**EXERCISE DATA:**
===============

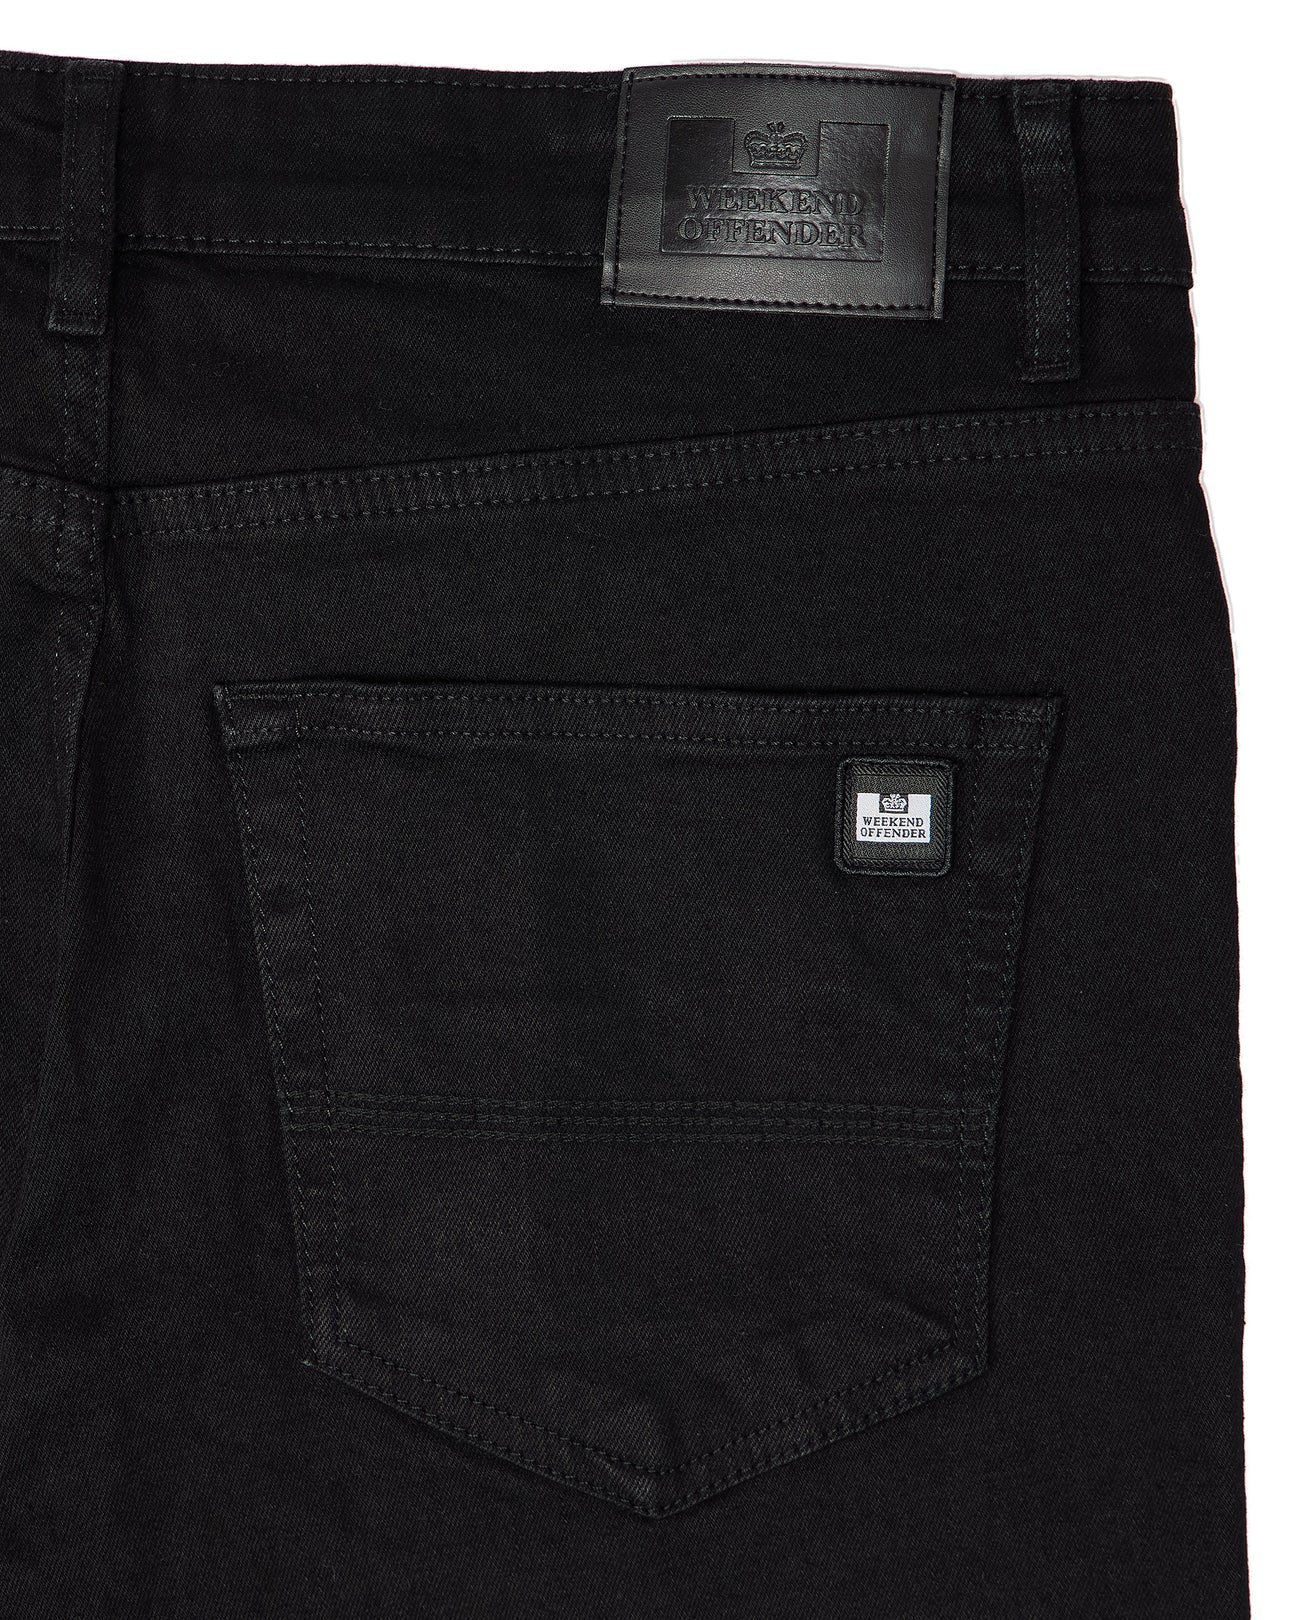 Weekend Offender - 444 Tapered Black Denim Jeans
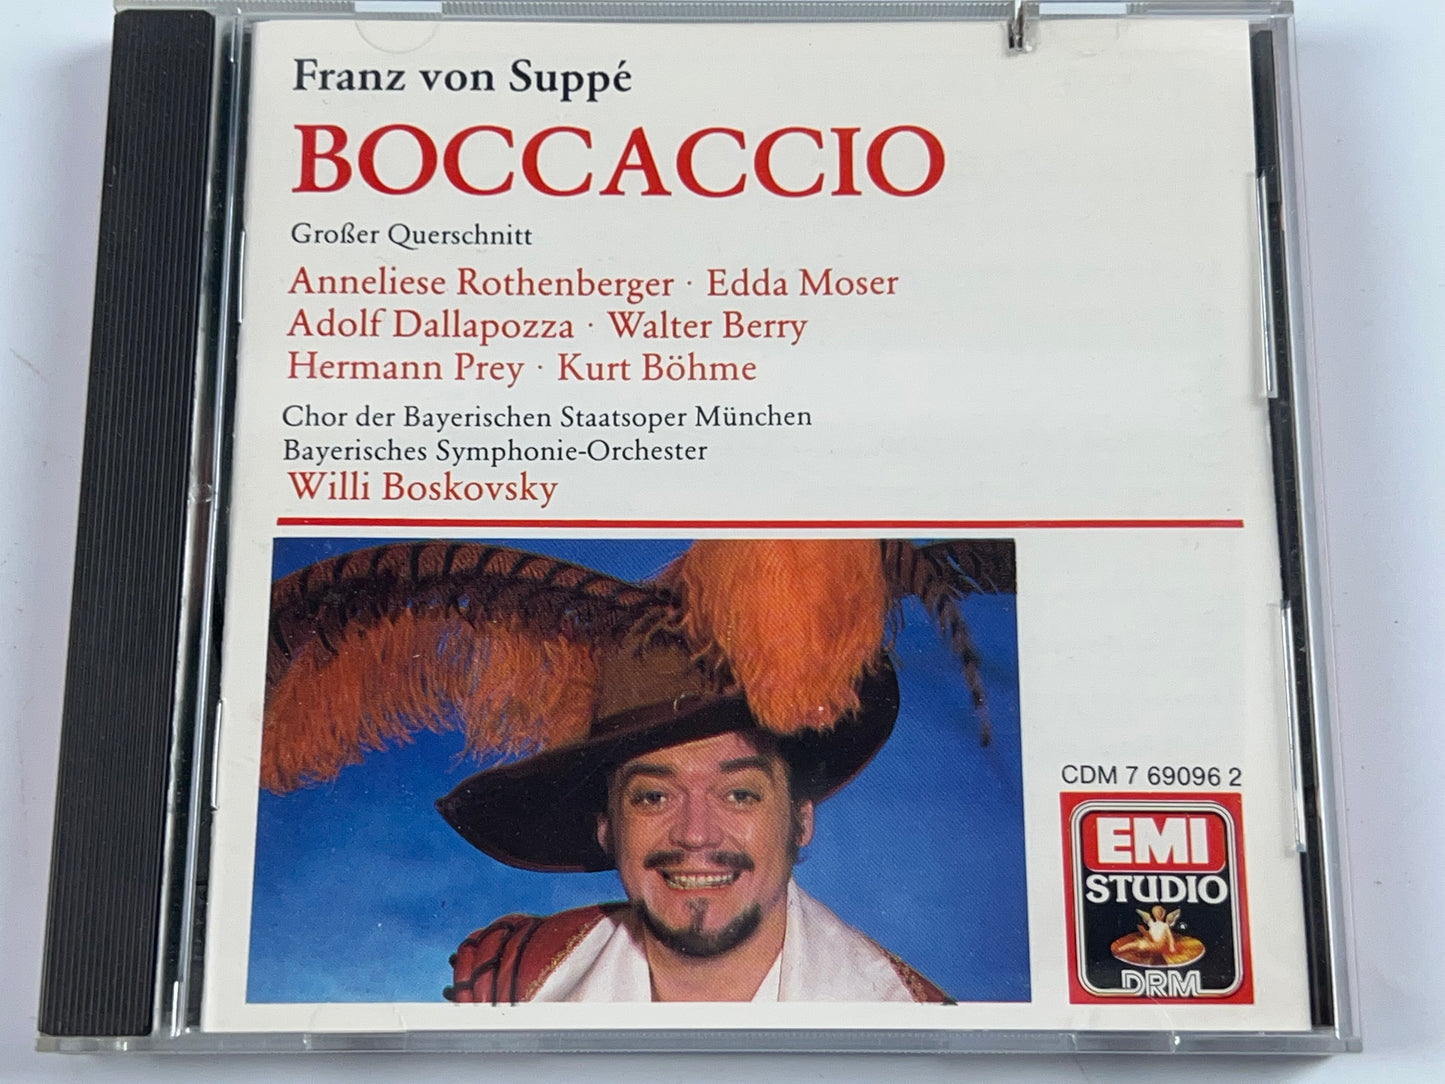 Von Suppe "Boccaccio" Opera Highlights - Prey, Moser, Berry w Boskovsky 1975 CD
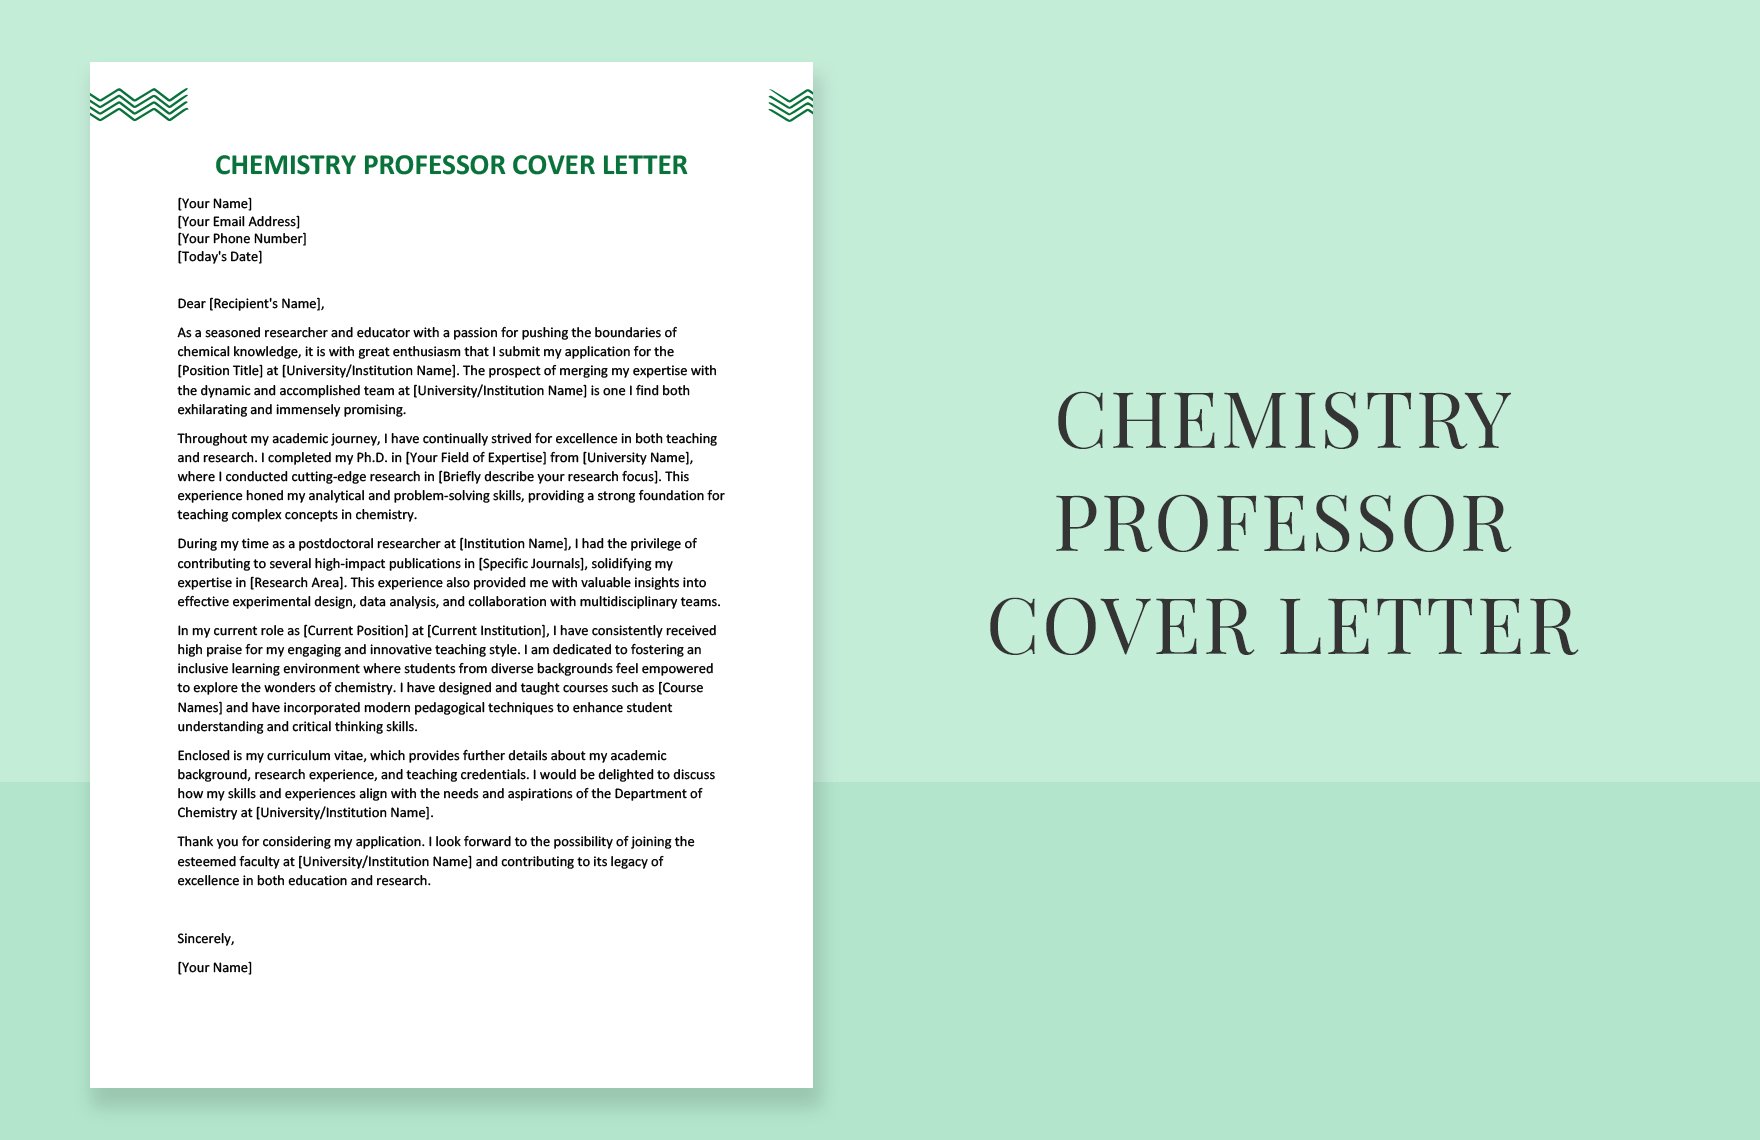 Chemistry Professor Cover Letter in Word, Google Docs
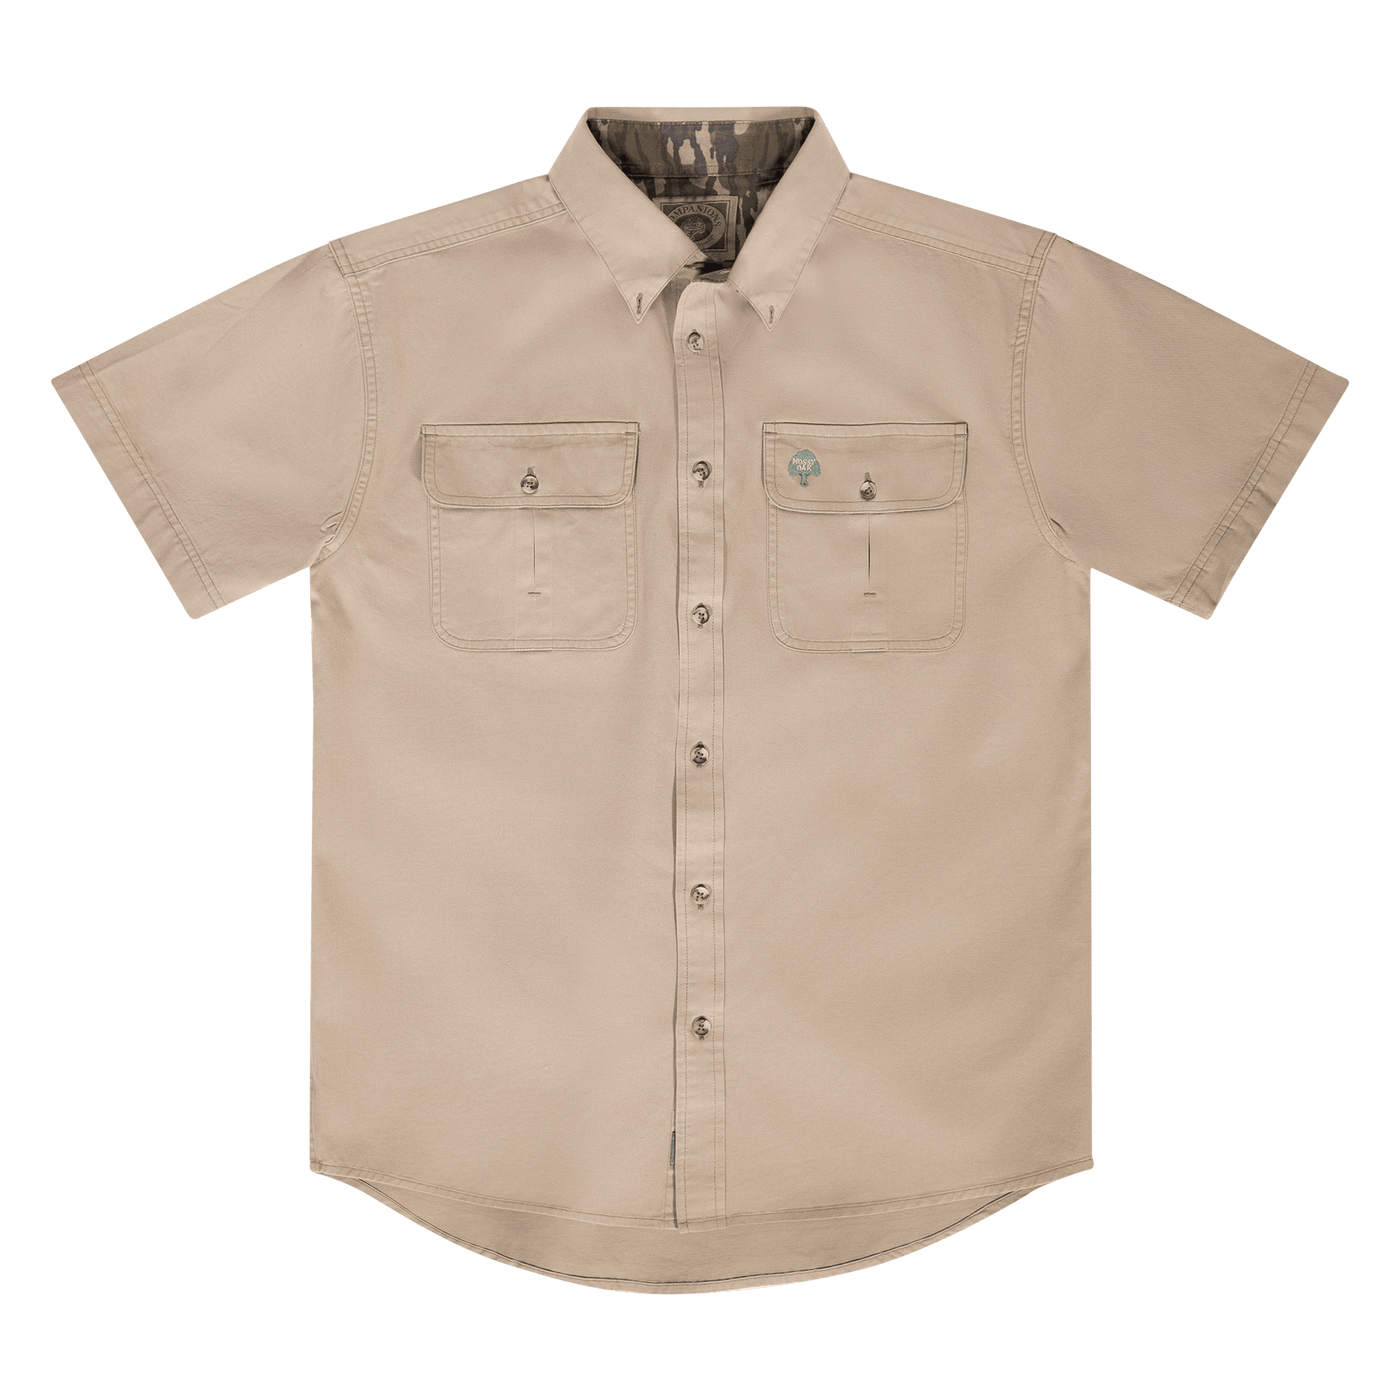 Mossy Oak's Short Sleeve Dirt Shirt in Tan

===============

**TASK GOAL:** Your task is to set down each line above verbatim while excluding the pictures.

**TASK OUTPUT:**
 Weekend Offender - 444 Tapered Black Denim Jeans
 Von Suppe "Boccaccio" Opera Highlights - Prey, Moser, Berry w Boskovsky 1975 CD
 Chemistry Professor Cover Letter in Word, Google Docs
 Mossy Oak's Short Sleeve Dirt Shirt in Tan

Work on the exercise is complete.